In a world increasingly obsessed with the use of pithy acronyms, #YOLO has become a potent catch cry for the internet generation. An abbreviation of the phrase ‘You only live once’, this now ubiquitous acronym is used to caption so many varied situations, from excusing undeniably questionable and irresponsible behaviour to celebrating exciting events and small every day moments of extravagance, that the term has all but lost any true sense of meaning.
Popularised by the rapper Drake in his 2011 hip hop single The Motto, the acronym was first entered into the Oxford American Dictionary in 2012 when it was shortlisted for the 2012 English Word of the Year. However use of the phrase ‘You only live once’ crops up repeatedly throughout the history of literature and pop culture, from Fritz Lang’s 1937 film noir movie of the same title, to references made in Crime and Punishment by Fyodor Dostoyevsky, evidence that the phrase has in fact subtly evolved and been in constant use throughout history.
A thoughtful rumination on the human condition, the phrase essentially grapples with the fragility of our existence and raises universal questions to do with life, death, passing time and our own mortality. These philosophical questions of ongoing relevance have of course held a fascination for artists since time immemorial and have been repeatedly examined throughout art history, from the religious iconography of early Christian art with its fascination with man’s mortality and the after life, through to the vanitas paintings and memento mori references of the 16th century Dutch still life tradition, the transience of life has continued to be one of the most common themes tackled by artists throughout the generations. Featuring the work of six contemporary artists whose work spans painting, photograph, video and installation, #YOLO examines the way in which themes of life, death and passing time continue to be addressed within contemporary art.

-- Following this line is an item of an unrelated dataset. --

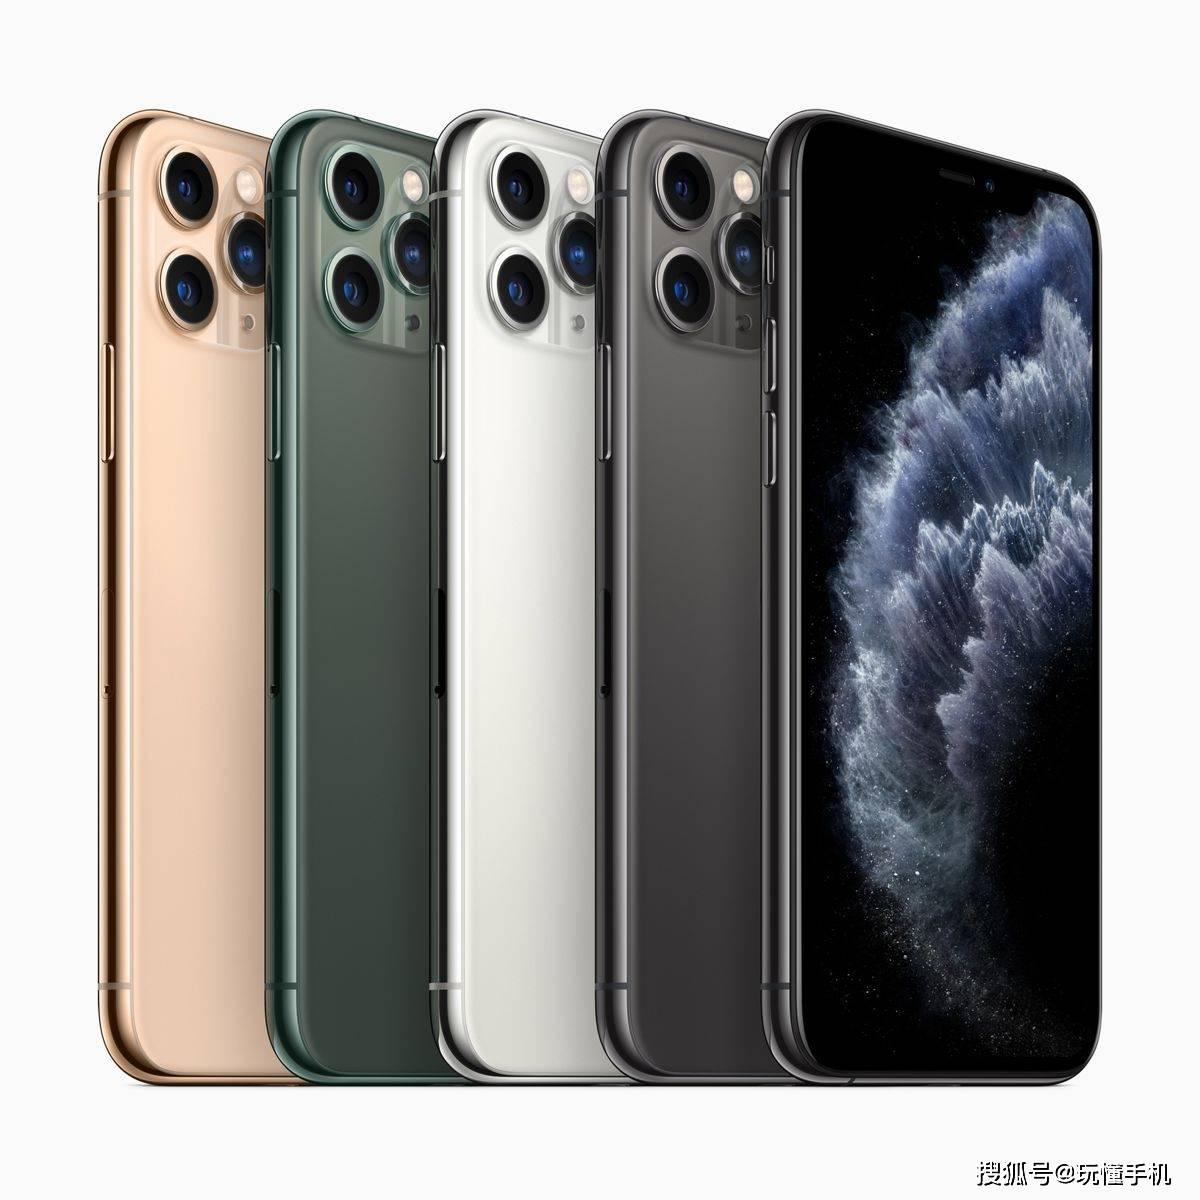 原创            英国运营商表示:苹果iPhone12发布会将会在未来几天内公布
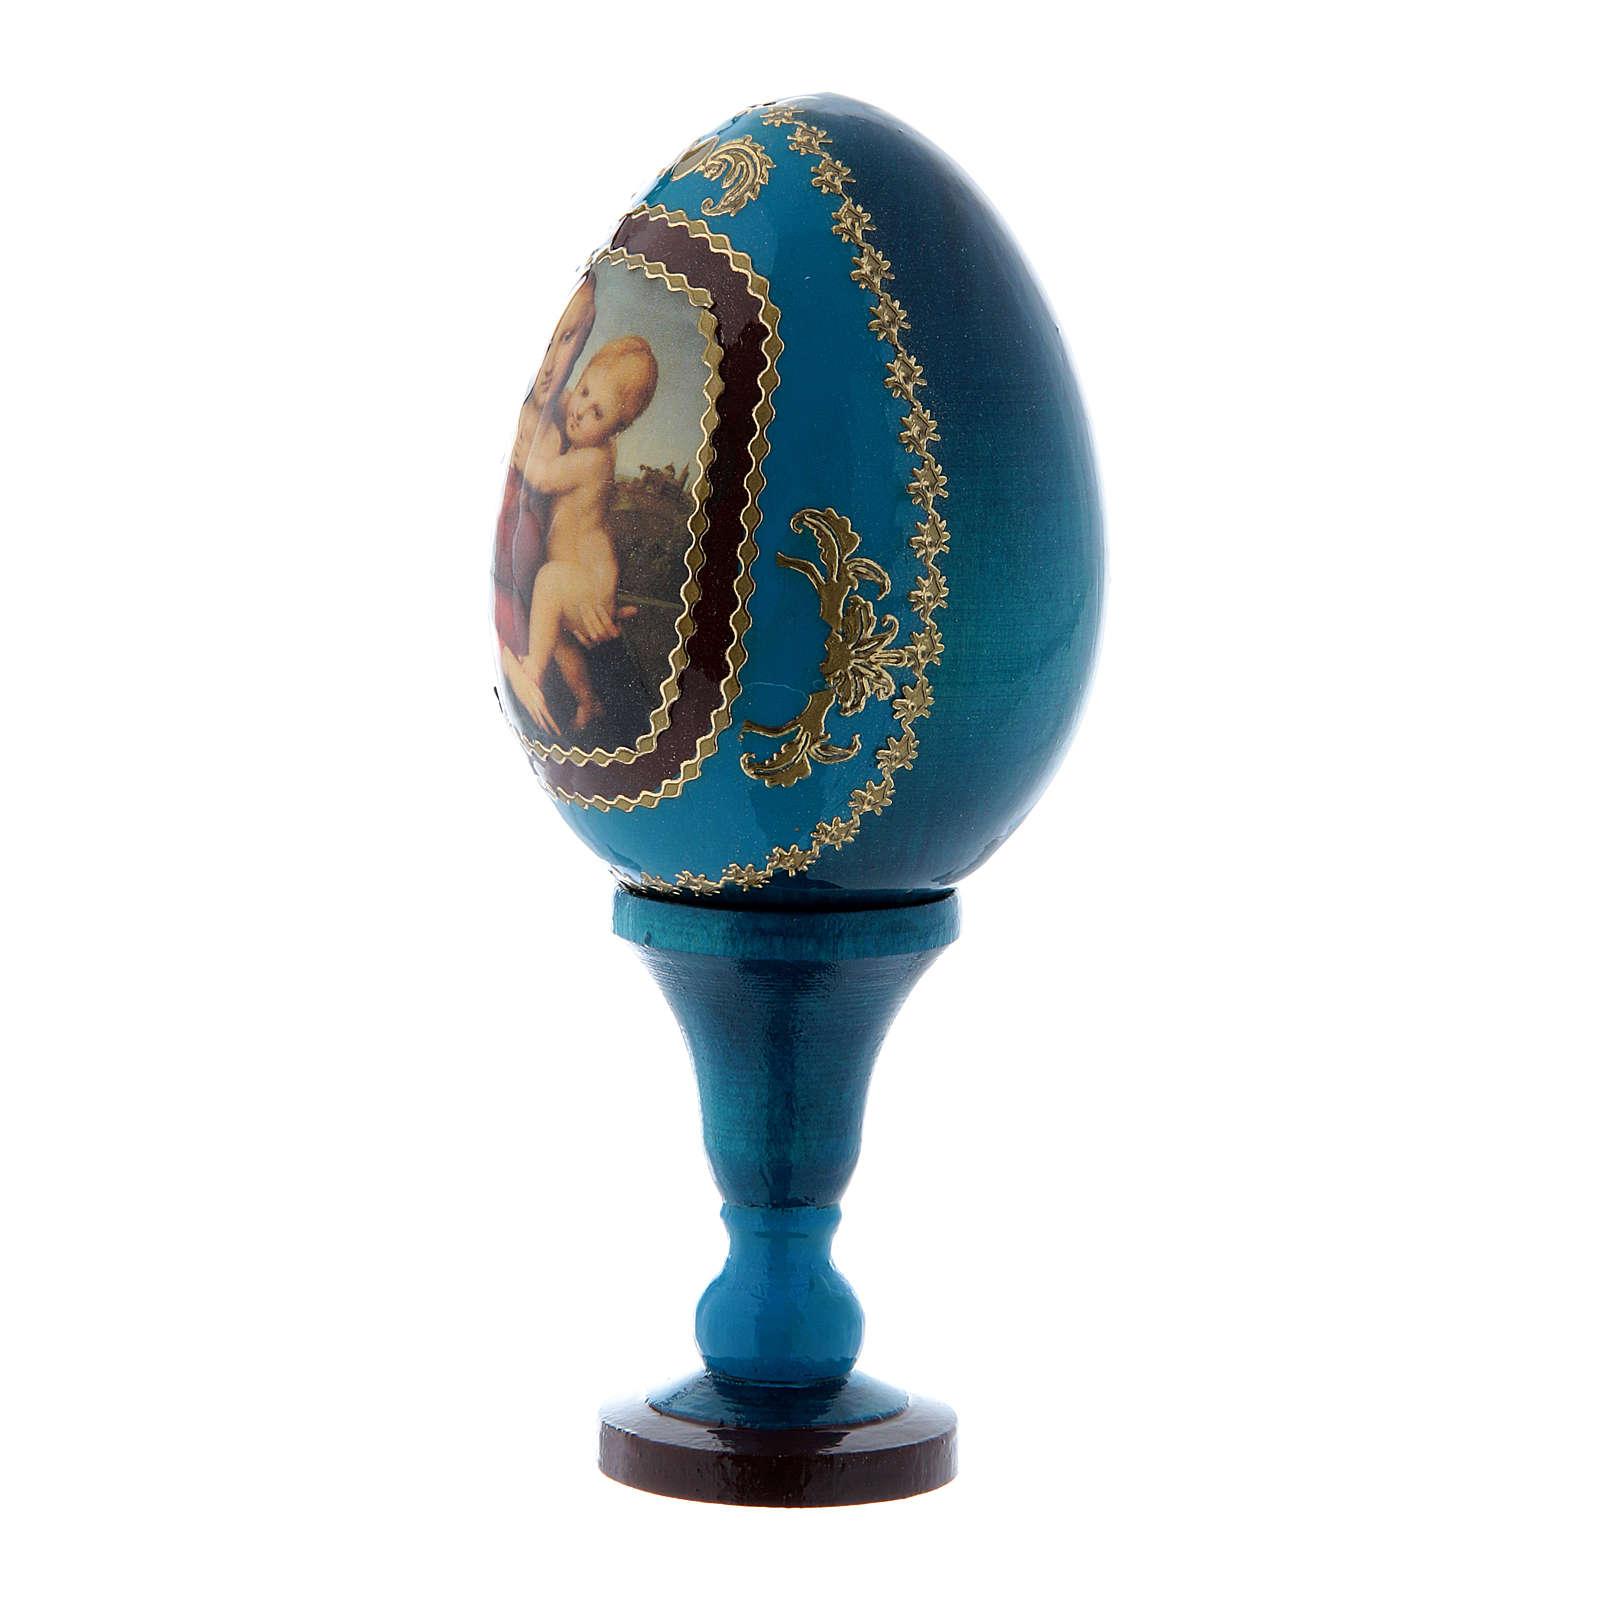 Oeuf La Petite Madone Cowper découpage bleu russe h tot 13 cm 4

Included in the exhibition are works such as Zan Wimberley’s time lapse video #yolo, which offers a light and antagonising yet probing look at the complex subject of mortality. By taking heavy concepts and making light of them, Wimberley’s work explores apparently light ideas by highlighting the often-overlooked gravity which they actually contain.
Likewise Anne MacDonald’s photographic work Candle is a meditation on the ephemeral nature of life: the passage of time and the sense of loss experienced due to its passing. With each year in age represented by another candle on the cake, the birthday candle in MacDonald’s work becomes a poignant indicator of the fleeting nature of time. The sugar coated cupcake and scattered lollies in Candle reference Flemish, Dutch and German desert and confectionary still life paintings of the Sixteenth and Seventeenth Century. Candied sugar appeared in these sumptuous banquet scenes as a symbol of luxury and spiritual sweetness. In subsequent years there was however a change in attitude when it was discovered that sugar is addictive. Recently the aging effects of high sugar consumption have gained media attention, highlighting the irony that life’s celebrations often centre on sugary treats that subsequently hasten its passing.
Hyun-Hee Lee’s practice explores personal memories, experiences inspired by family rituals and practices derived from Korean religions and searching for an understanding of spiritual and cultural connections, which are closely tied to the life cycle and have a fundamental importance in marking and celebrating the passing of time, from the beginning of life until its end.
Stevie Fieldsend’s potent installation pieces (made from rusted cast iron drainage grates and blood red fringing) act as memorials, marking and remembering the little deaths we experience throughout life, such as the death of innocence, the death of ego, the death of attachment.
Ben Ali Ong’s breathtaking work has an underlying sense of anguish and sorrow, which clings to his moody black and white photographs. The interplay of light and dark in his work act as a visual metaphor for the vagaries of human existence, alluding to the idea that the beauty and fragility of life are inseparable from the horror and sorrow which accompany it.
Shoufay Derz’s work King for a day (Stripped), which depicts a golden satin bed sheet, the word ‘stripped’ woven through it using pomegranate-dyed hand-stitched silk thread, is a meditation on the passing of her father, whose final sleep was at home in gold satin sheets.